# 1995 Nissan 200sx speakers upgrade



## earthbound741 (Mar 2, 2007)

Hey guys,
Just got myself a 1995 200sx. It's my first car =D. Anyway, i need new speakers... Fast! Thing is, im not good with auto speakers, so i come here for some help. Right now the car has factory speakers and a Alpine CDE-7856 headunit. I dont much car for a subwoofer, but i definatly want powerful car speakers. I only have about $150usd to work with. I know i need 6 3/4 inch speakers. What else do i need? Amp? Wires? Is it really that hard to install it myself, or should i just take it to pep boys or something.. I would appreciate any guides/tips/clues/hints ect you guys have. Thank you!


----------



## 92maximaguy (Mar 1, 2007)

I pesonally like polk audio speakers... but if you want good quality speakers i would go to this website:
Name Brand Car Audio and Video at an affordable price! Savings on Car CD Players, MP3 Players, Car Amplifiers, Car Subwoofers, Car Speakers, and Car Video at Sonic Electronix! Car Audio, CD Players, MP3 Players, Subwoofers, Speakers, Car Alarms and more at Sonic Electronix!

They have everything you need at a really cheap price.


----------



## earthbound741 (Mar 2, 2007)

92maximaguy said:


> I pesonally like polk audio speakers... but if you want good quality speakers i would go to this website:
> Name Brand Car Audio and Video at an affordable price! Savings on Car CD Players, MP3 Players, Car Amplifiers, Car Subwoofers, Car Speakers, and Car Video at Sonic Electronix! Car Audio, CD Players, MP3 Players, Subwoofers, Speakers, Car Alarms and more at Sonic Electronix!
> 
> They have everything you need at a really cheap price.

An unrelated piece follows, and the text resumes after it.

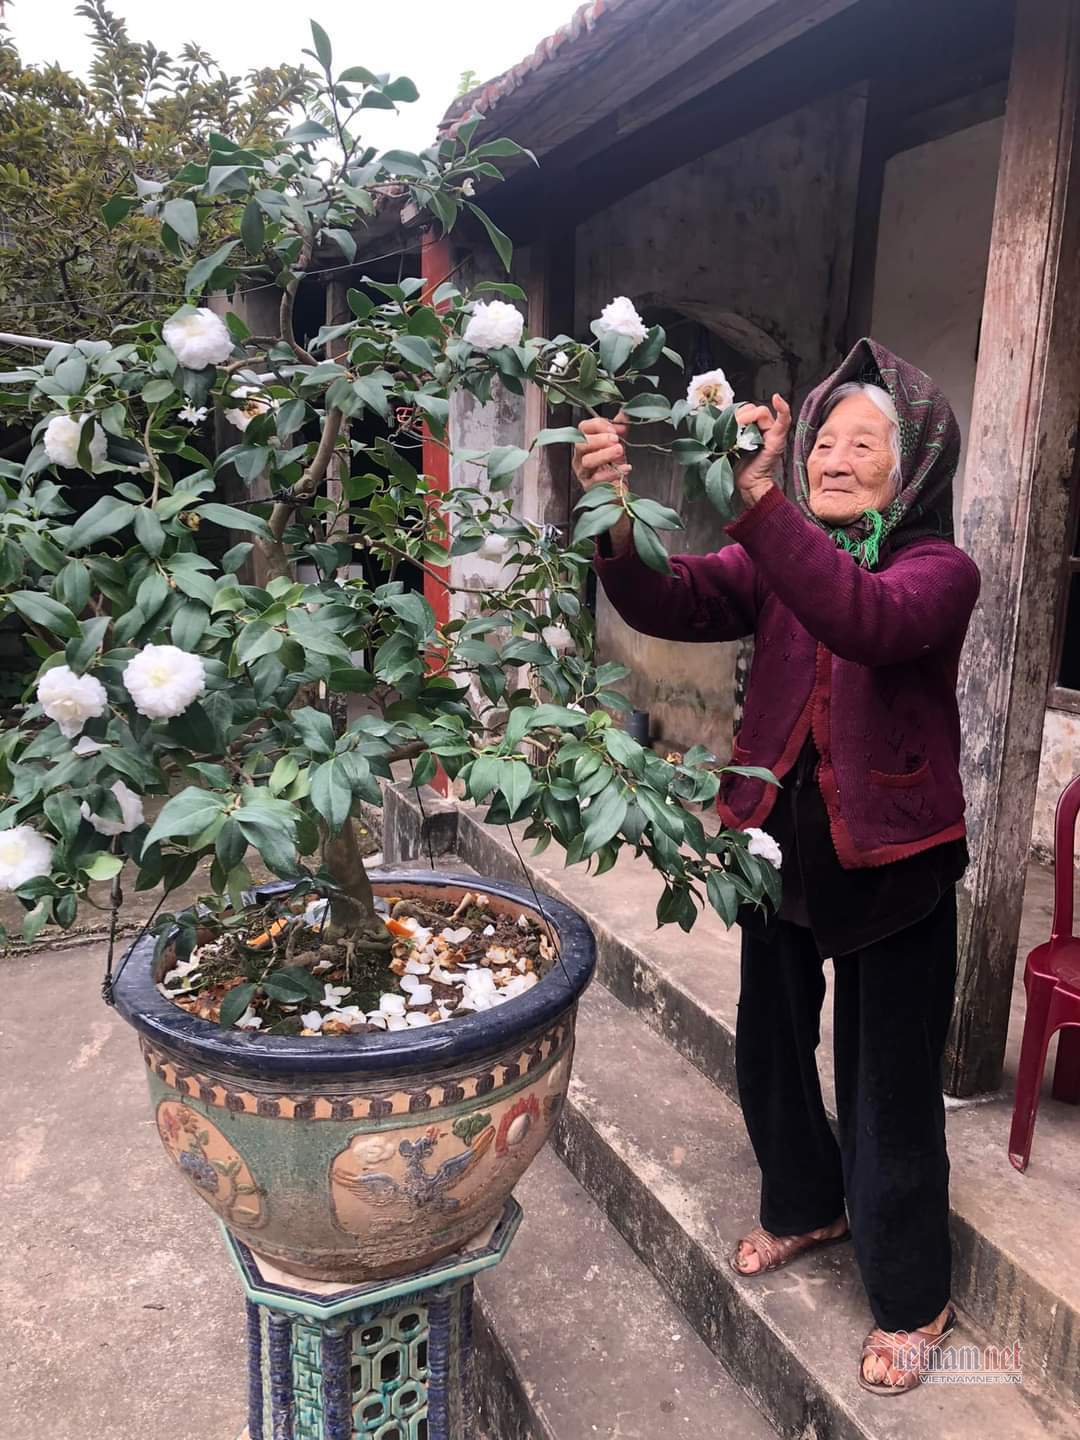 Happiest woman in Vietnam: 108 years old with 114 grandchildren, great-grandchildren

im looking for directions how to access the speakers and replace em.


----------



## 92maximaguy (Mar 1, 2007)

earthbound741 said:


> im looking for directions how to access the speakers and replace em.



Oh shit my bad.. I thought that you didnt know where to get them.. Me stupid.


----------



## bignick31985 (Feb 25, 2007)

Well, I havent looked at the rear speakers on my g/f's 95 yet, but I know the front ones can only be reached by removing the door panels. The passenger front speaker is blown, and has been since she bought it. They arent that hard to remove either. I had the most trouble getting the top set back in while putting it back on.

There are about 10-15 screws IIRC you'll need to remove, as well as ones in the doorhandle bezel, and you'll need to unhook the power window/electric lock connections on each side, if you've got them. The speaker is down in the bottom front corner of the door panel, held in by 4 screws. I forget the size, but if I had to guess it'd either be 5.25" or 6.5".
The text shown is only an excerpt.